Task prompt:
The full listing, exactly as written and with no images, is the expected output.

Data extract:
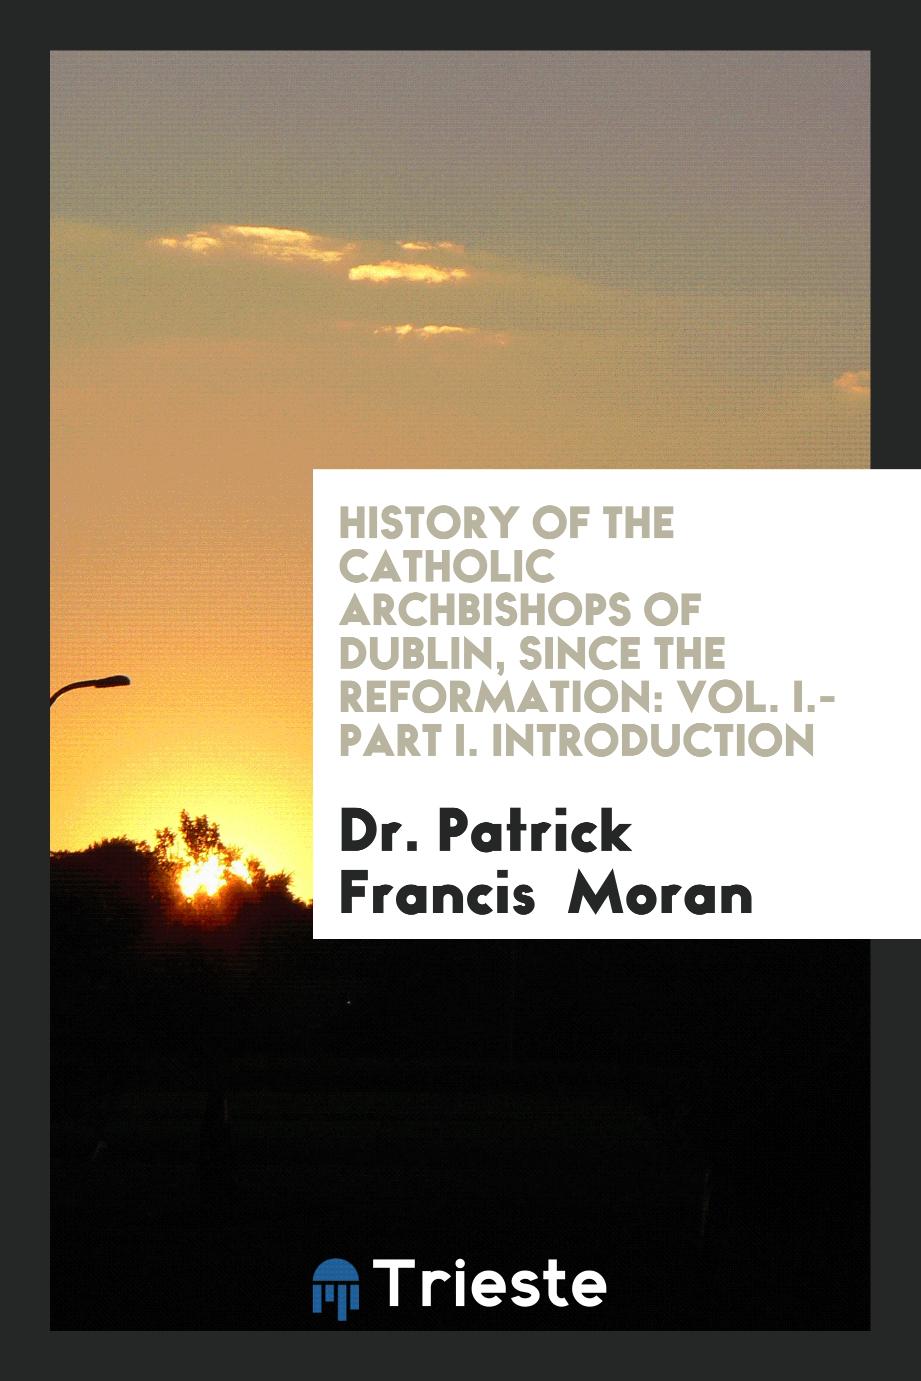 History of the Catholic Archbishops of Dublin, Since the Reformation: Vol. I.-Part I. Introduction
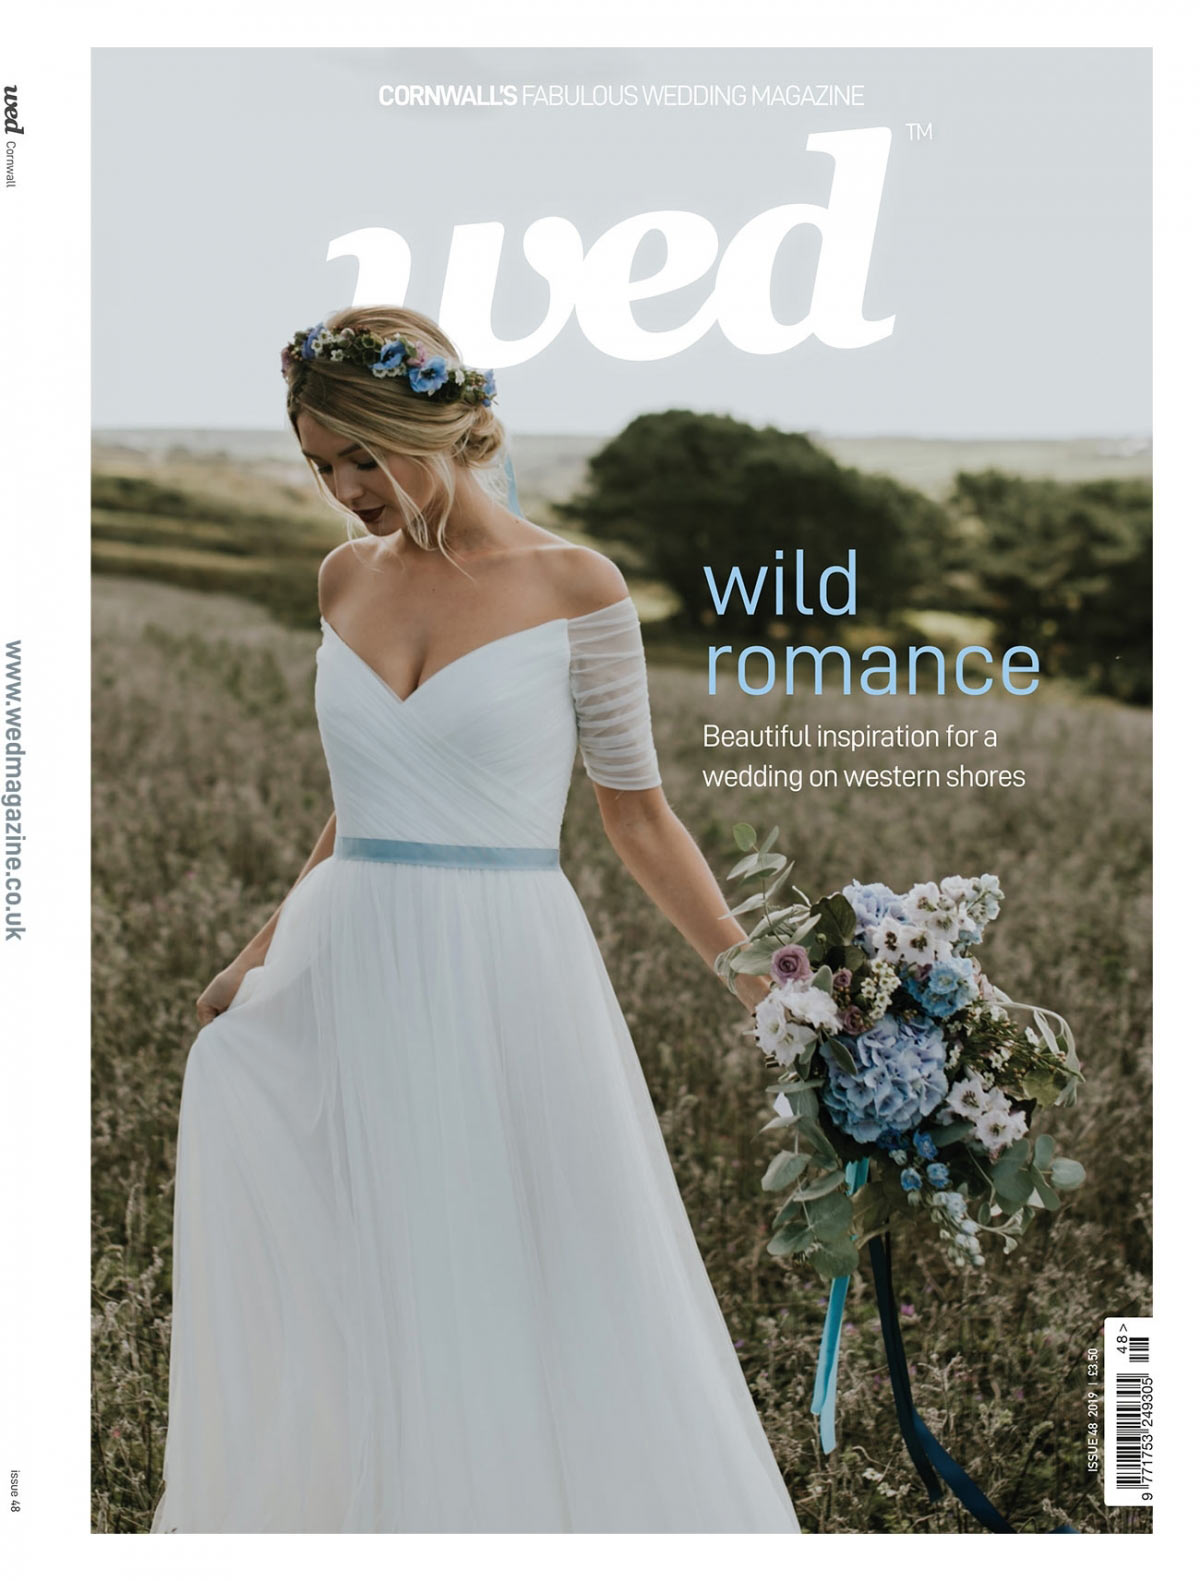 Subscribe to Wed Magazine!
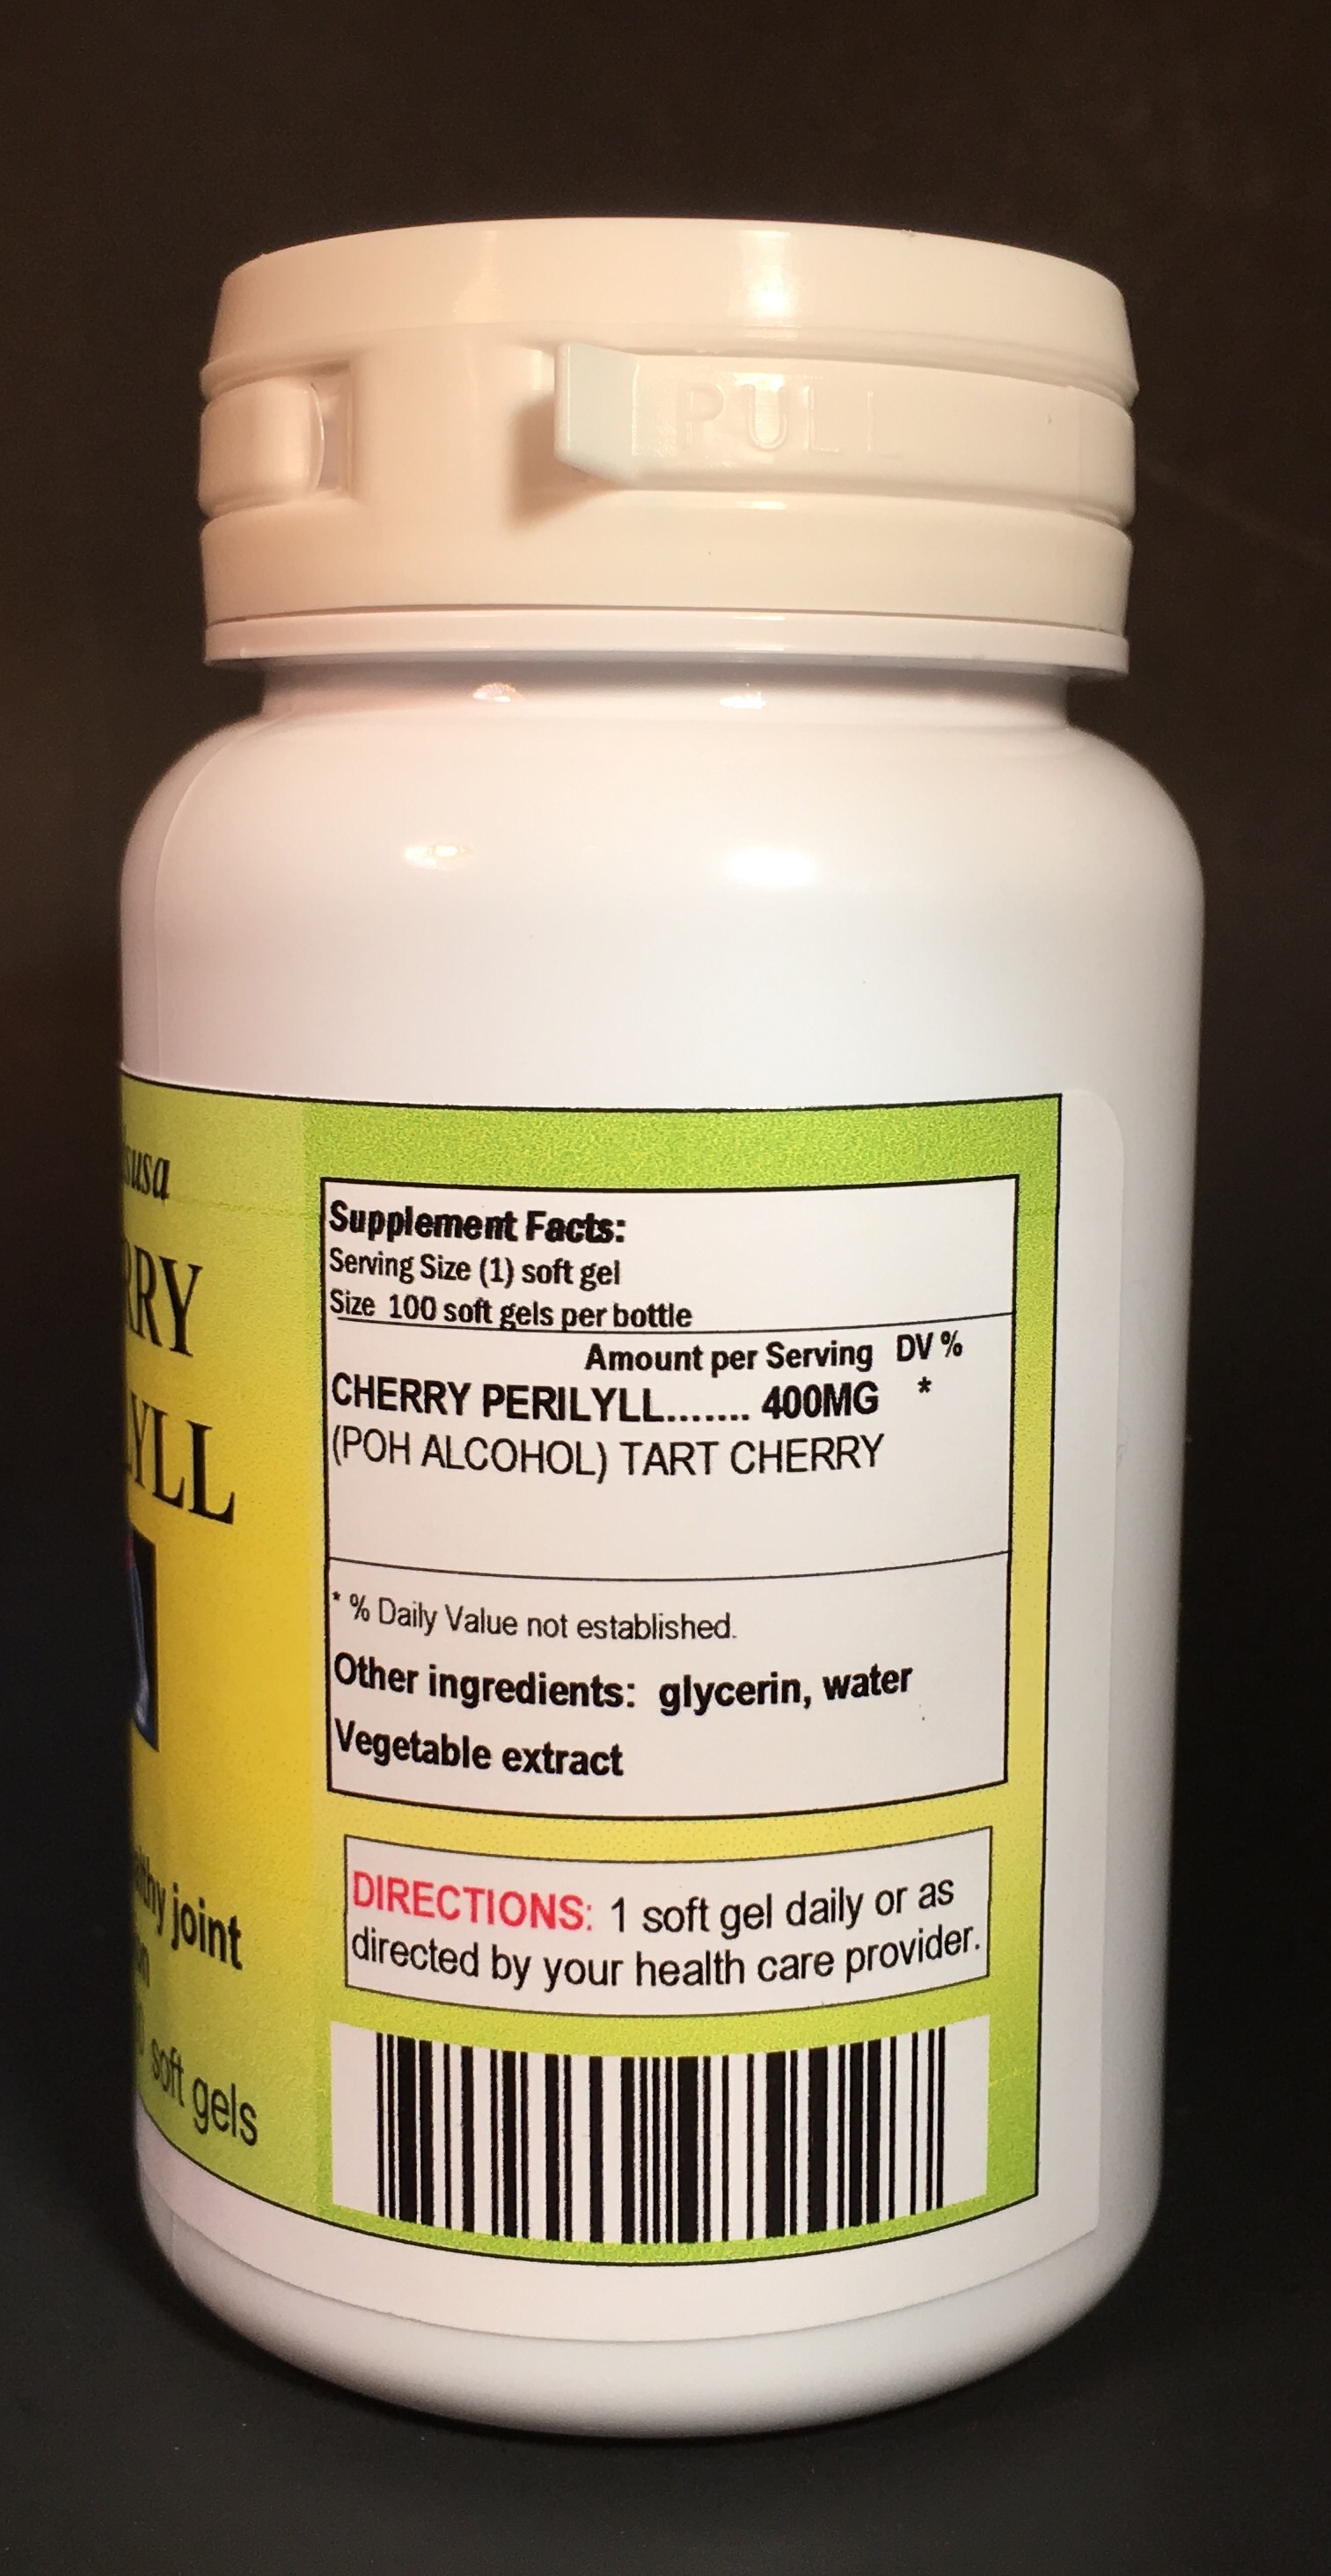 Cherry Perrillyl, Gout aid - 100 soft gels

The answer:
 History of the Catholic Archbishops of Dublin, Since the Reformation: Vol. I.-Part I. Introduction
 Subscribe to Wed Magazine!
 Cherry Perrillyl, Gout aid - 100 soft gels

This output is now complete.